> WORK INSTRUCTIONS:
Set down the lines below, exactly, starting at the one that contains "dessin broderie fait main Leonor Roversi" and stopping at the last line, inclusive. Omit pictures.

> DATASET CONTENT:
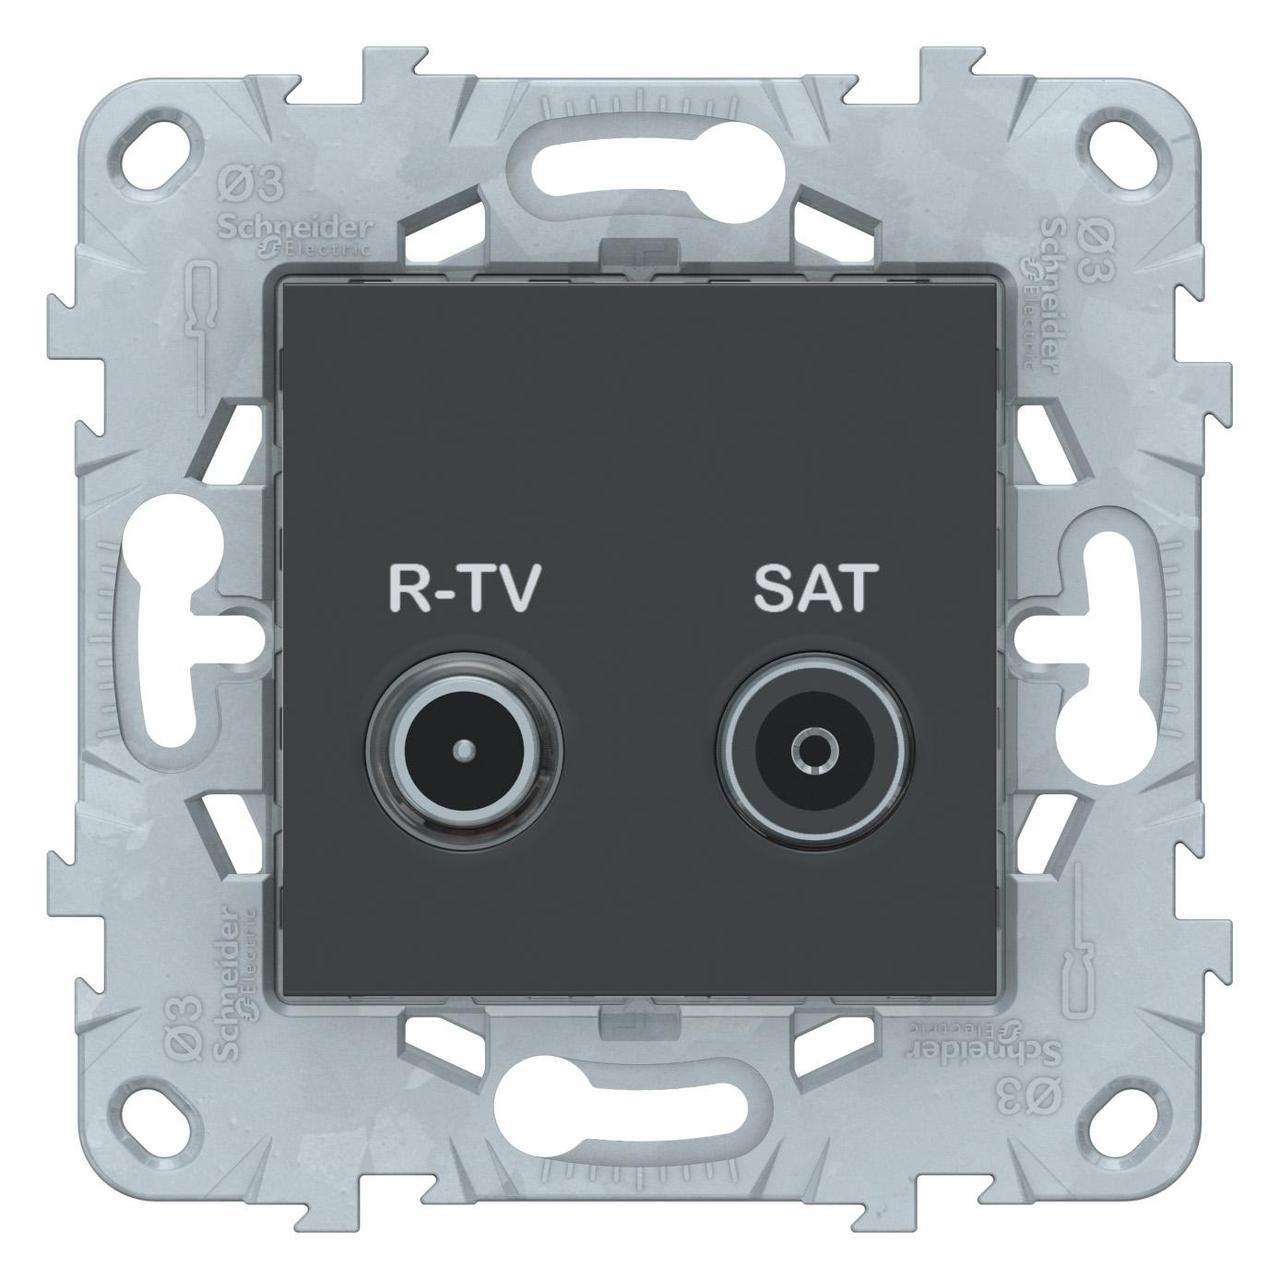 Розетка телевизионная единственная ТV-SAT , Антрацит, серия Unica New, Schneider Electric
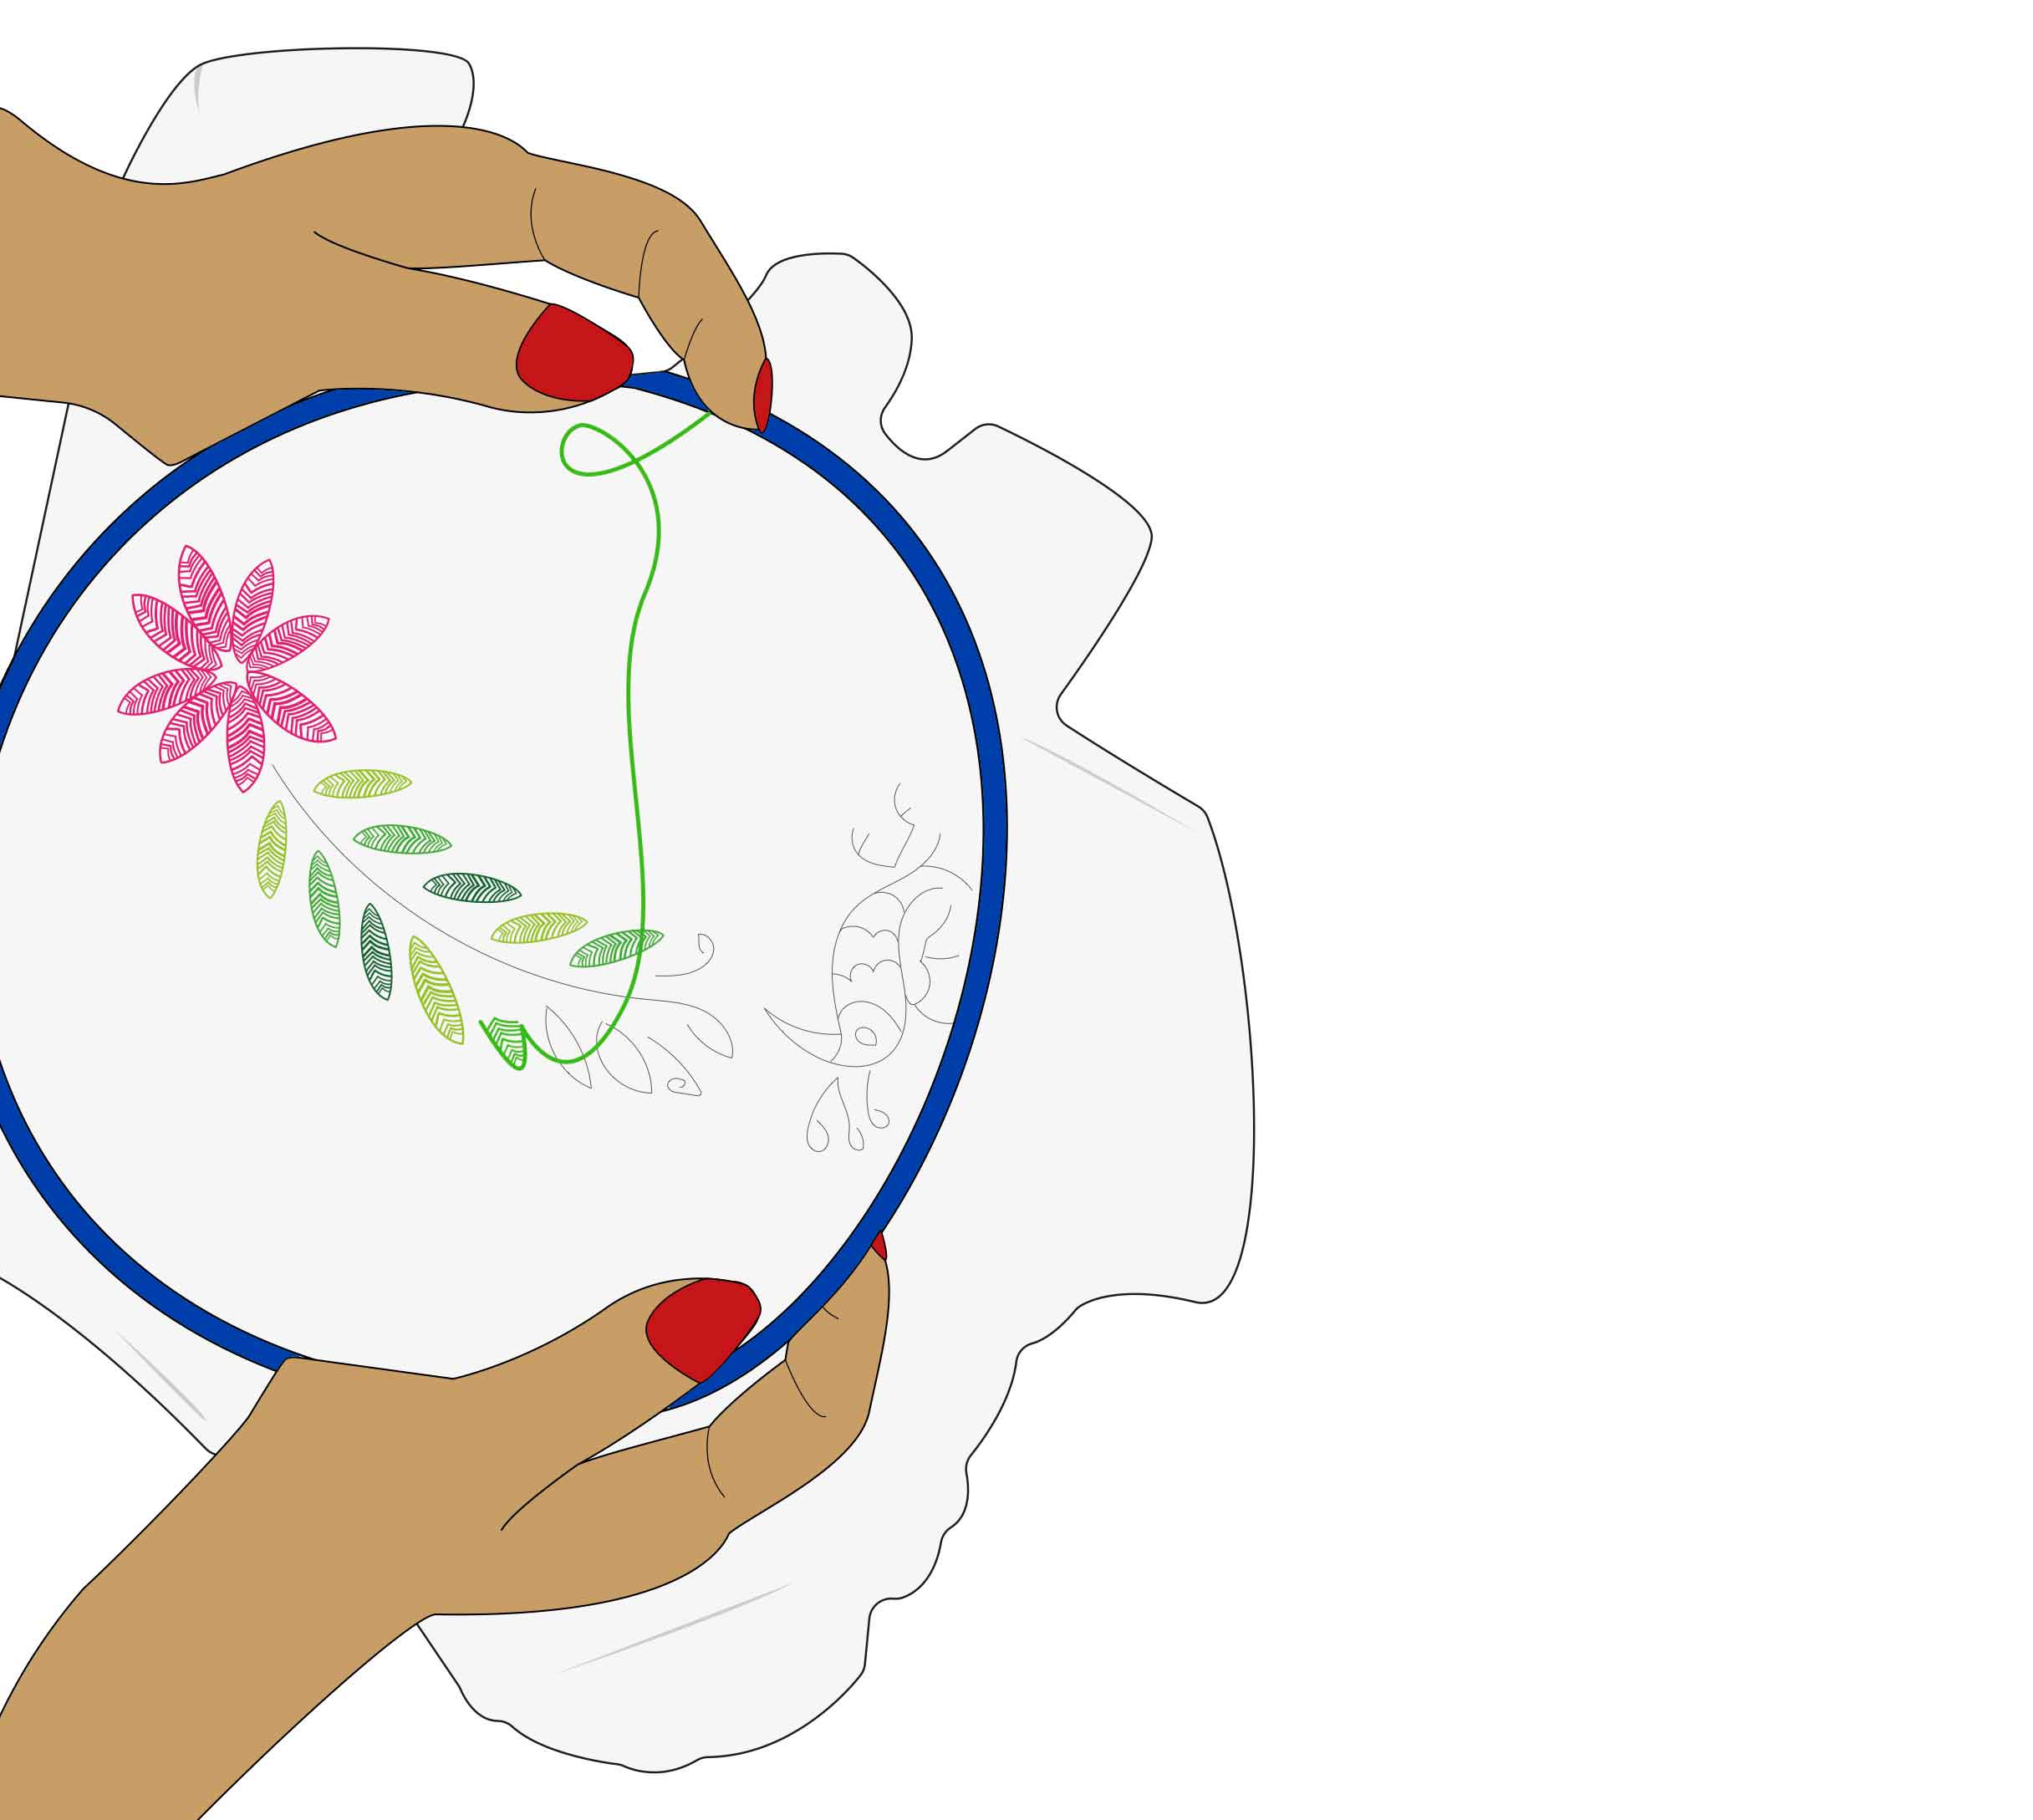 dessin broderie fait main Leonor Roversi
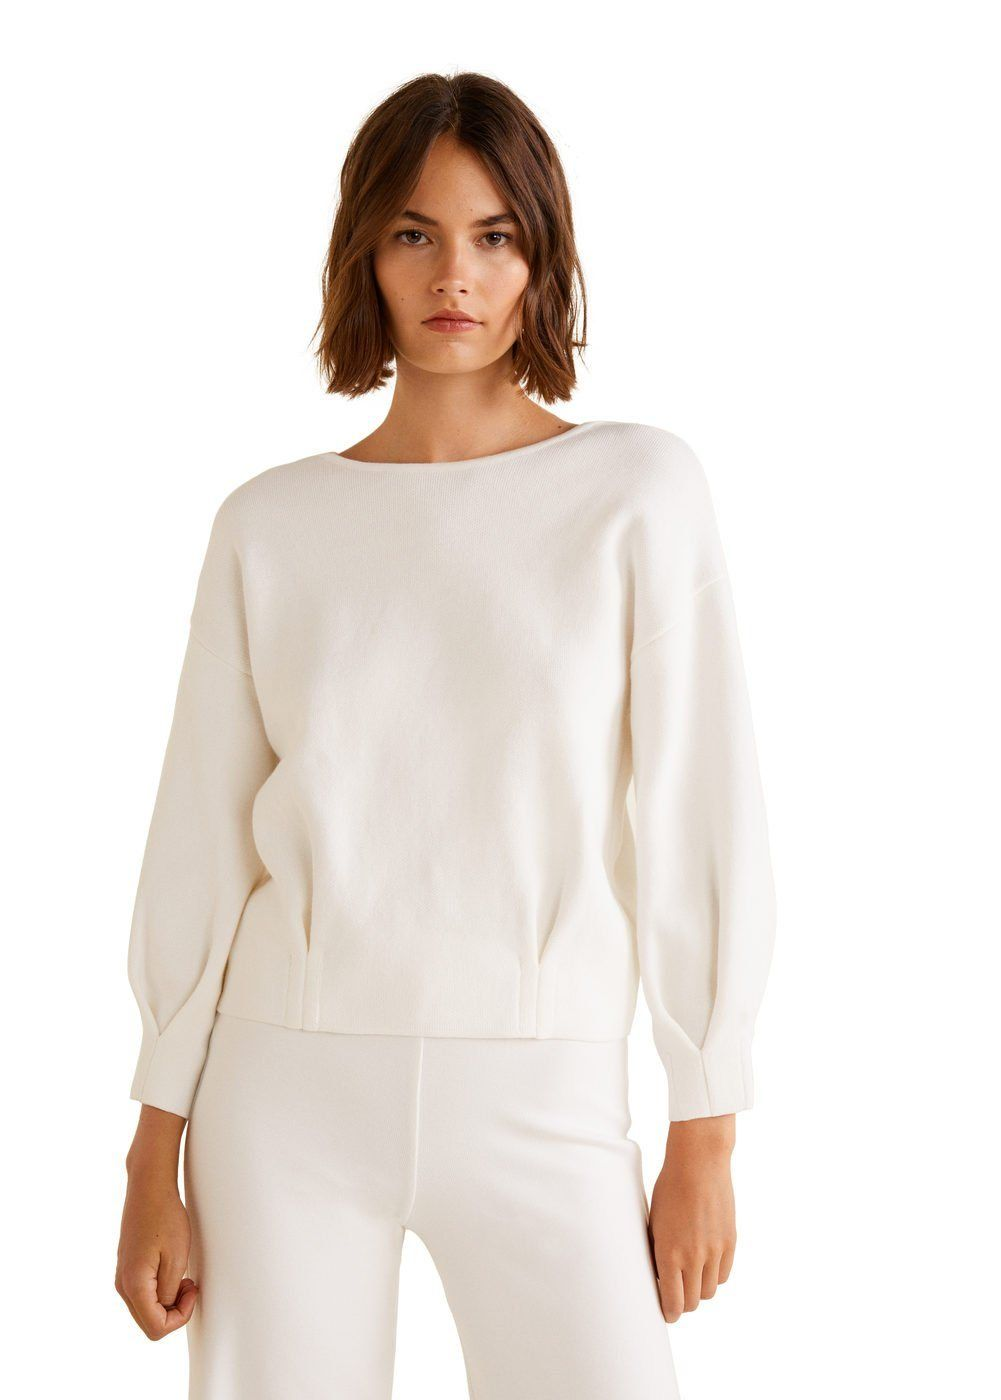 OTTO Damen MANGO Pullover aus Bio-Baumwolle   08433886080934   Mode ... 14ecb38cf5

> WRITTEN RESPONSE:
 dessin broderie fait main Leonor Roversi
 OTTO Damen MANGO Pullover aus Bio-Baumwolle   08433886080934   Mode ... 14ecb38cf5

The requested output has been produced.